Biosciences and Biotechnology Division

September 23, 2021

What do you like about working at the Lab?

I like the amount of freedom I have to explore new ideas, and there is a constant flow of opportunities to learn new concepts, even new hands-on skills in the lab. I really value the diverse cross section of engineers, theoretical chemists, microbiologists, and statisticians, etc. that I get to interact with. We have world-class facilities collocated, which means we can create unique combinations of capabilities to do impactful science.

What do your day-to-day work activities include?

I wear different hats at the Lab, both leading and supporting interdisciplinary teams developing novel nanocarbon materials—like carbon nanotubes—for a range of applications including gas sensors, anti-reflective surfaces, super-strong fibers, energy storage, and 3D-printed composites. I feel most at home when I am in the lab creating materials, analyzing their structures, and finding new ways to incorporate them into functional systems. Day to day, I may be operating a high-temperature reactor to grow some neat material, or I could be at a synchrotron collecting X-ray patterns, or I could be stuck in front of a computer with piles of data, spreadsheets, and emails.

What is one project you’re really proud to have worked on?

I am really proud of our work investigating high-performance ionic liquid electrolytes confined inside carbon nanopores that are used in next-generation energy storage devices. We coupled synchrotron x-ray scattering and high-fidelity simulations to analyze this special class of electrolytes under confinement, enabling new insights into the exotic properties that only emerge within these exceptionally small spaces. We were able to uncover some key fundamental insights that have important practical implications, which puts us in a unique position to think more about how these insights can benefit real applications.

What is your educational or career background?

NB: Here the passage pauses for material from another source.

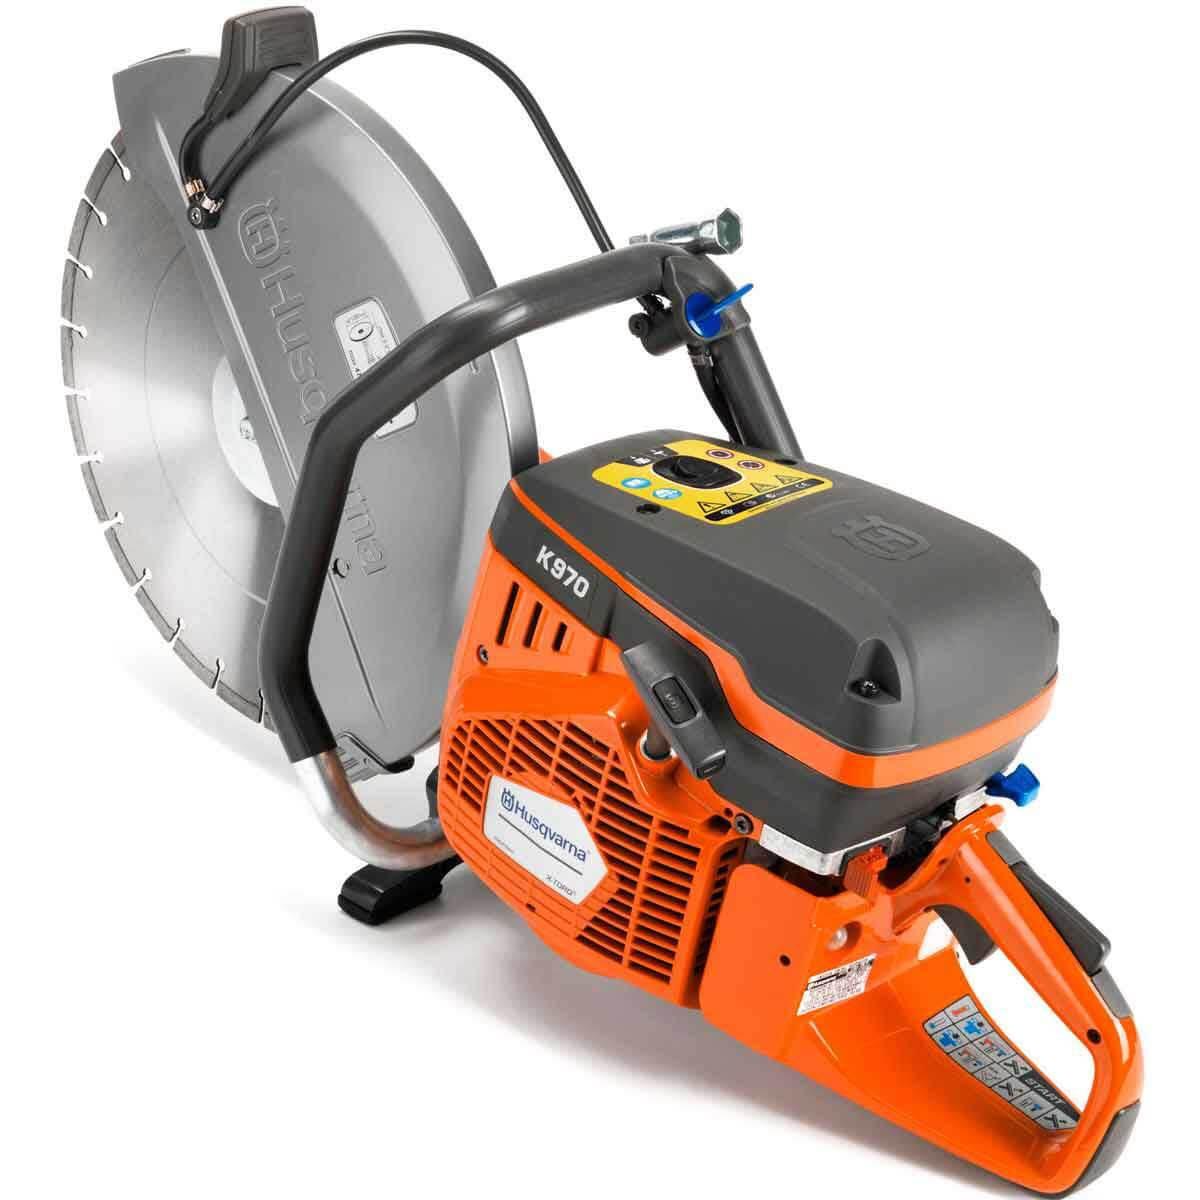 Husqvarna K970 power cutter

I have encountered some diverse topics in my career, which I think has helped me survive at the Lab. I studied engineering physics at the University of California at Berkeley (Go Bears!) and both materials science and engineering and mechanical engineering in graduate school at the University of Michigan (Go Blue!). Prior to joining LLNL, I was a postdoctoral fellow in nanoelectronics at IMEC in Belgium. Now I work in the BioNanomaterials Group in BBTD and wonder what other fields I can dip my toes into next.

What inspired you to go into science?

What drew me to chemistry and physics in high school was finding that there were math equations that could describe the physical world around us. My entire path from there did not reveal itself all at once, but more stepwise. I have always been driven to attack with full force that next most challenging experience ahead of me. What remains hugely challenging and captivating to me is how to engineer materials at the smallest length scales at which they are fundamentally determined, atom by atom.

What advice would you give to a new employee at the Lab?

Talk to people—not just neighbors and not just peers. My experience is that it was vital to get to know what my colleagues are good at, what science they are really interested in, and what other opportunities exist in and out of the Lab. It is also great practice for me to talk about my science to others not familiar with it. Some of my favorite projects right now were born out of key interactions with people I don’t normally work with—like trading notes with a fellow cleanroom user or bugging points of contact about who at the Lab was responding to a proposal call so I can join forces with them.

What do you do in your free time?

I really enjoy playing basketball and chess, being at the beach and biking with my family, and nearly any ridiculous game my daughter comes up with. I also love snowboarding but don’t get to do it nearly enough.